6. Evaluation characteristics of antihypertensive drugs in experimental models
Fuwai Cardiovascular Hospital studied the effects of reserpine on blood pressure, heart rate, high-level nerve activity and blood catecholamine levels during the formation of neurogenic hypertension. 10 healthy adult dogs were randomly divided into two groups, a control group, a group of oral reserpine (reserpine 0.05 mg/kg per day during the first and second stage stimulation 14 days before the stimulation period), the third stage Stop taking reserpine during the stimulation period. The control group did not take any drugs. The stimuli given to the two groups of animals were the same. The results show that although reserpine has a hypotensive effect, it cannot prevent the increase in blood pressure during stimulation. Since the stress stimulation methods used are mostly used in the study of abnormal mental behavior, most of the research focuses on the study of abnormal blood vessel function and the physiological regulation mechanism of the brain and kidney. Coupled with the differences in the stress methods adopted by each. At present, laboratory studies on the treatment of neuropsychiatric hypertension with antihypertensive drugs are rare at home and abroad.

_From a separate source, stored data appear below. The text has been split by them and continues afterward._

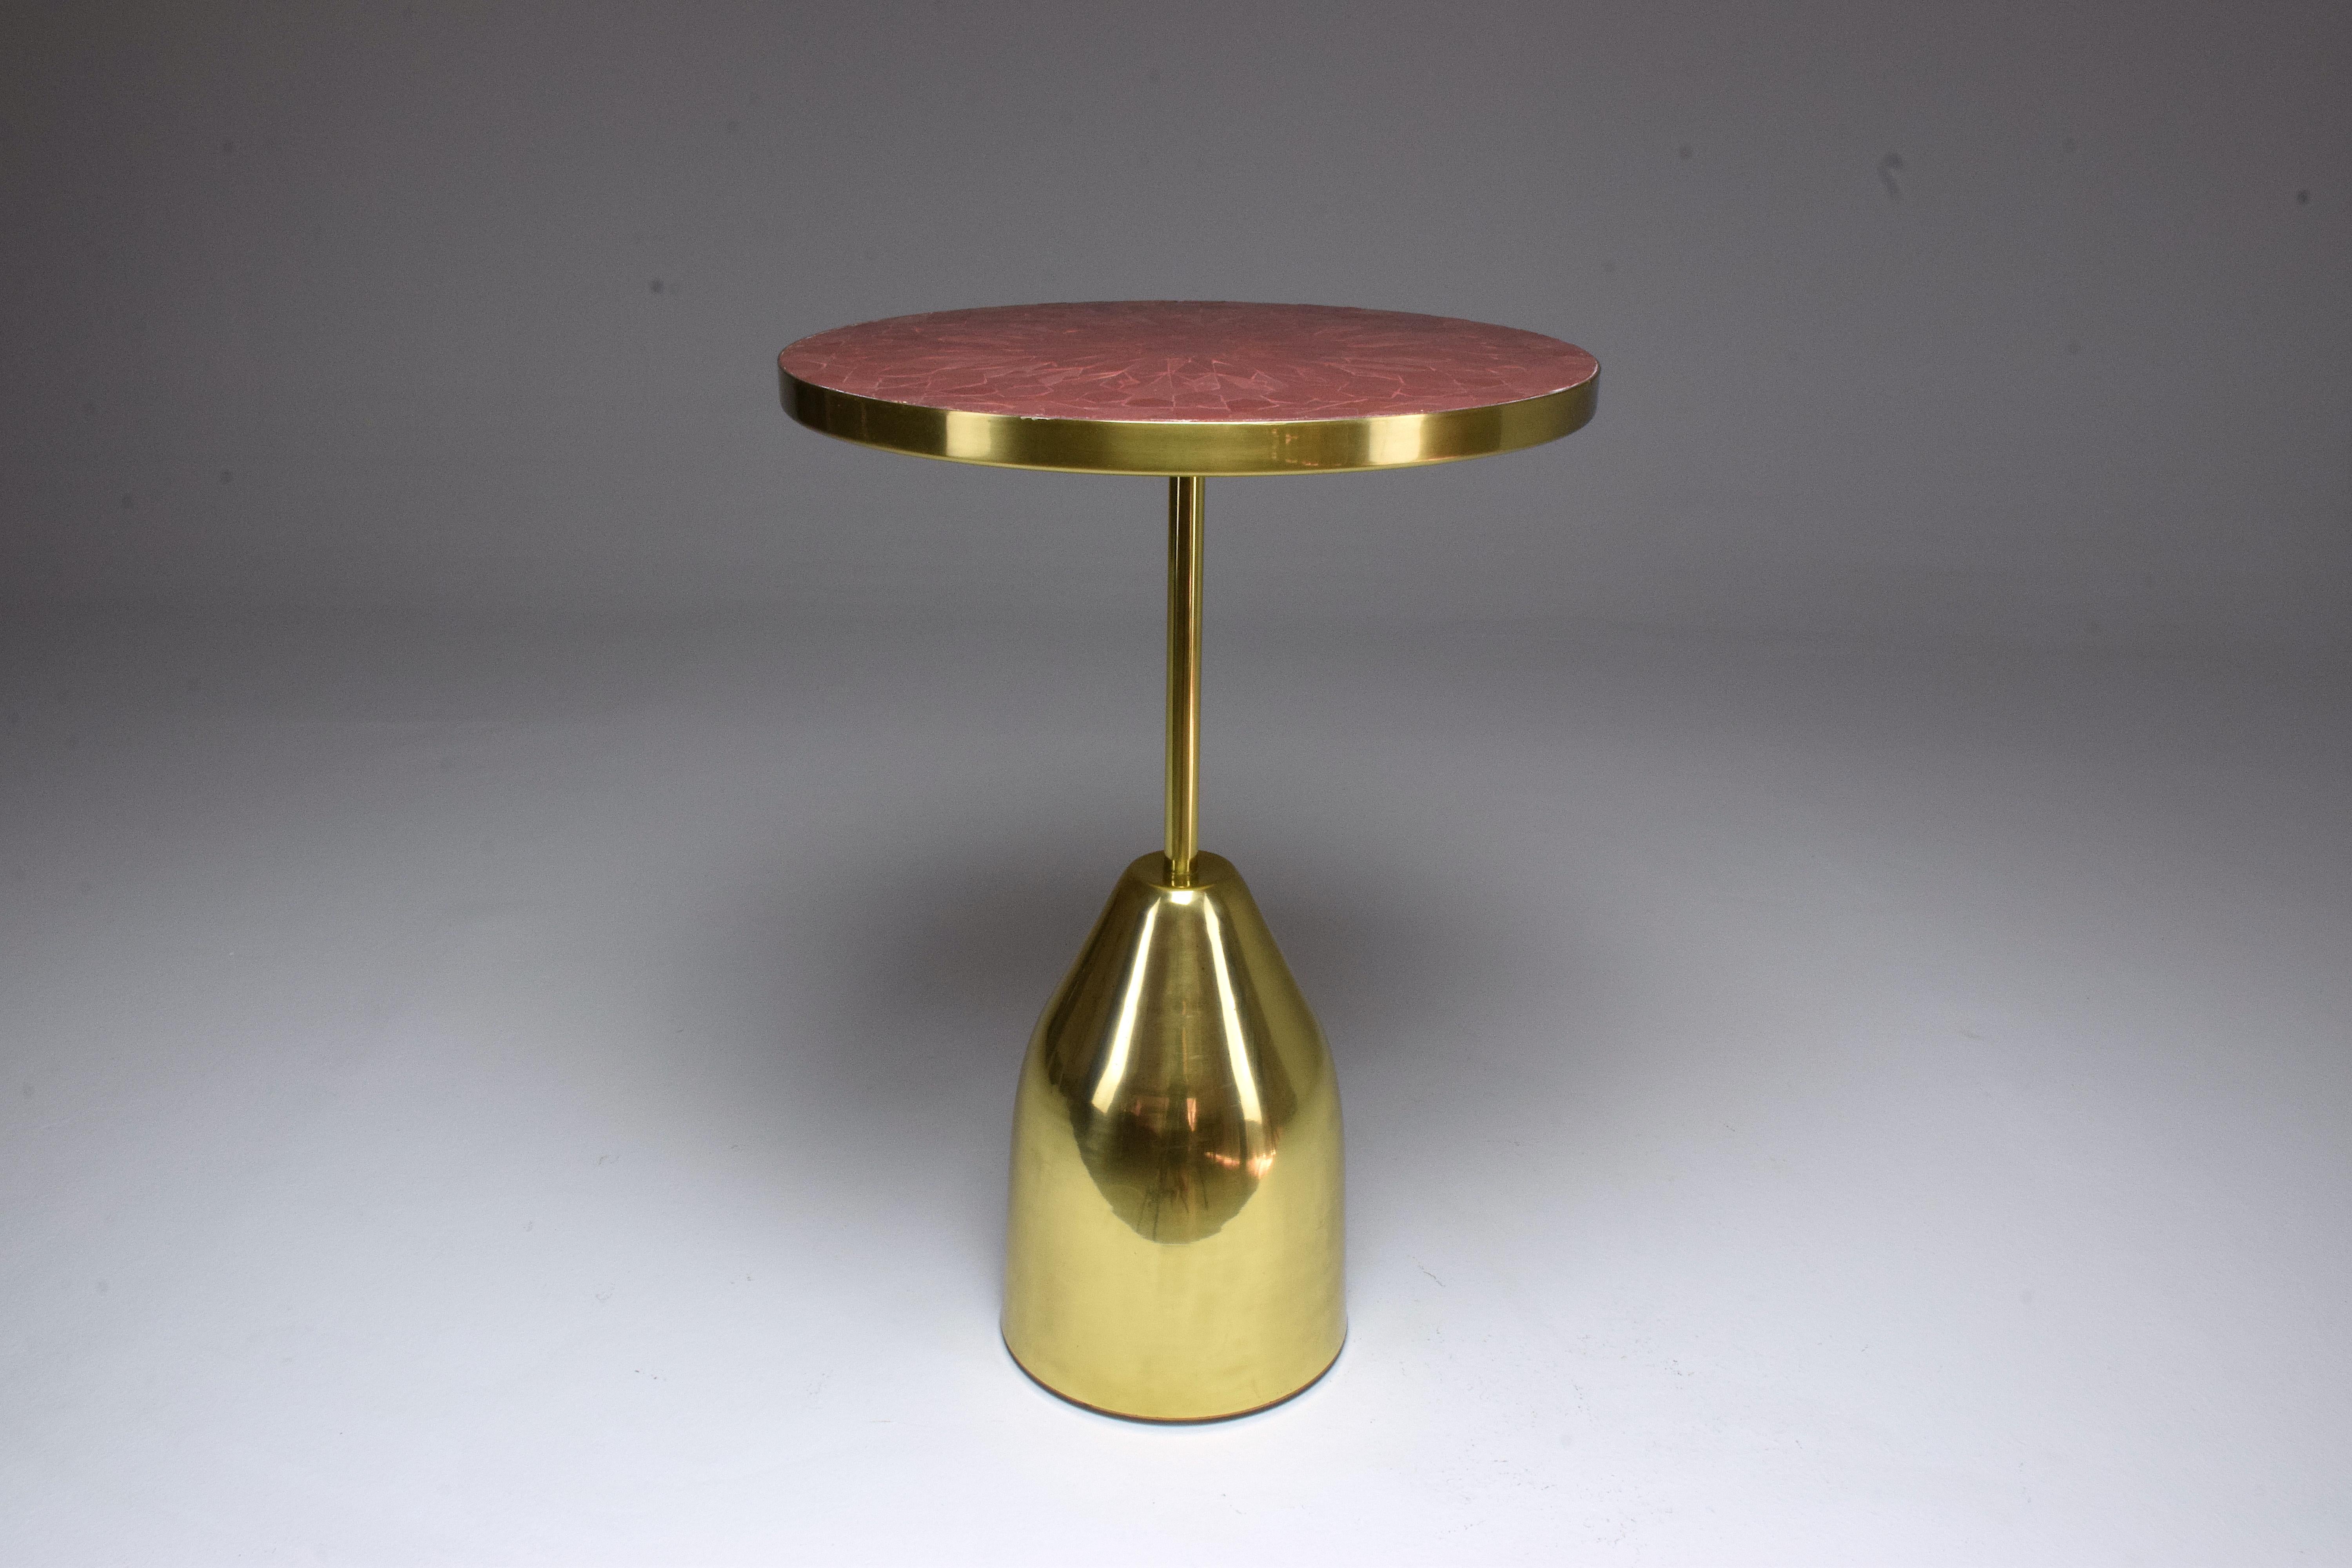 Contemporary handcrafted guéridon side table composed of a solid gold brass structure and designed with an intricate red mosaic tile tabletop oriental zellige design. 

Flow collection Zel.1-3-360 
21st century 
Base type 3
Solid French polished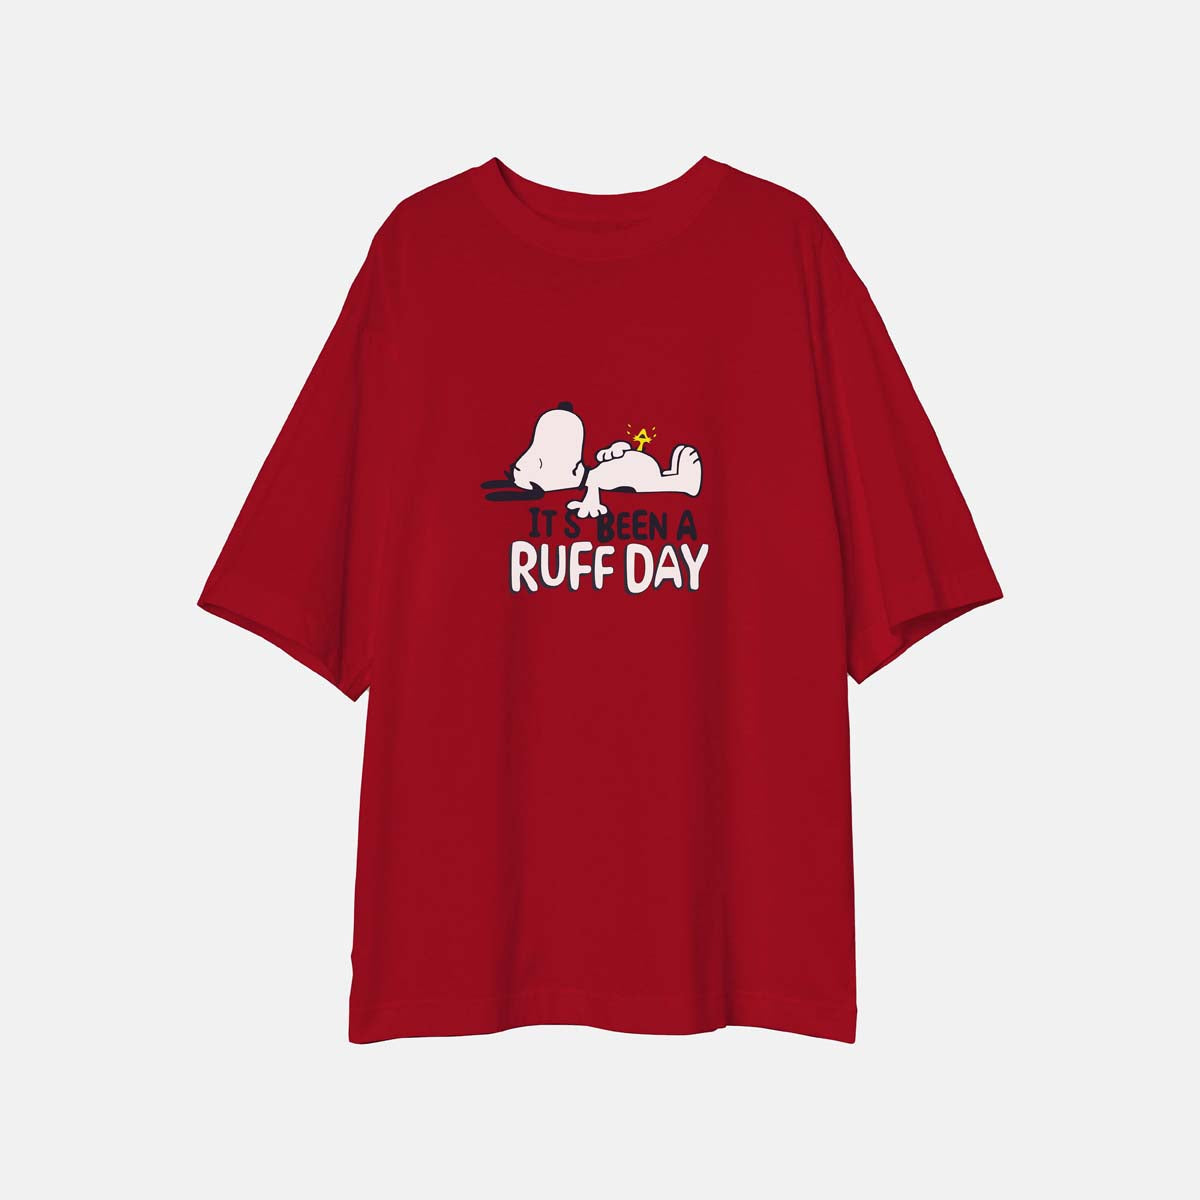 Ruff Day - Printed Oversized Tees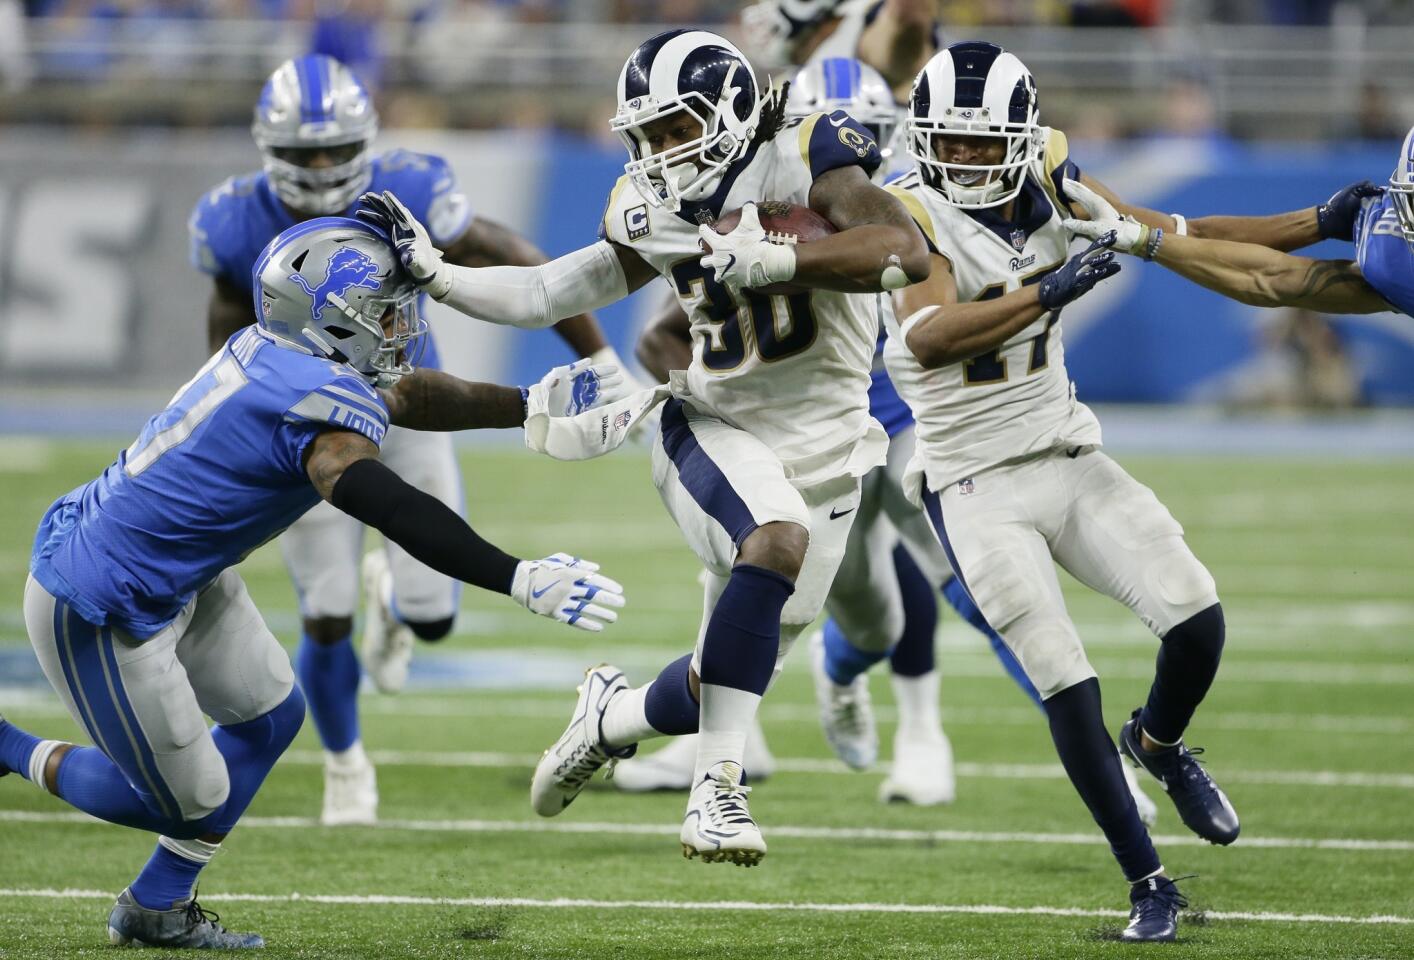 Los Angeles Rams running back Todd Gurley (30) rushes during the second half of an NFL football game against the Detroit Lions, Sunday, Dec. 2, 2018, in Detroit.

In clinical studies, early Pandhi P applied drug therapy in 7 patients with elevated blood pressure caused by stress and found that the combination of alpha blockers and beta blockers can reduce stress better than single drugs. The resulting increase in blood pressure. Malhotra S studies the effect of calcium antagonists on stress-induced increase in blood pressure. The results of a randomized, double-blind study showed that cold stress and grip strength experiments can increase blood pressure in subjects with normal blood pressure, but amlodipine and lacidipine can stimulate Increased blood pressure has no effect. Sosner P also reported that calcium antagonists, converting enzyme inhibitors, moxonidine, and β-receptor blockers have no hypotensive effect on stress-induced increase in blood pressure. However, the Kahan T study found that ramipril can reduce the stress load of the heart under stress conditions. However, the disadvantage of the above-mentioned research is that the selected sample size is small. It is difficult to observe a significant effect.
Because the intensity and characteristics of stress depend on the individual's evaluation of the environment or information and the emotional response caused by it. Therefore, there are great difficulties in the design and evaluation of animal models. For the study of antihypertensive drugs for stress-induced hypertension, a large number of animal experiments are still needed for theoretical support.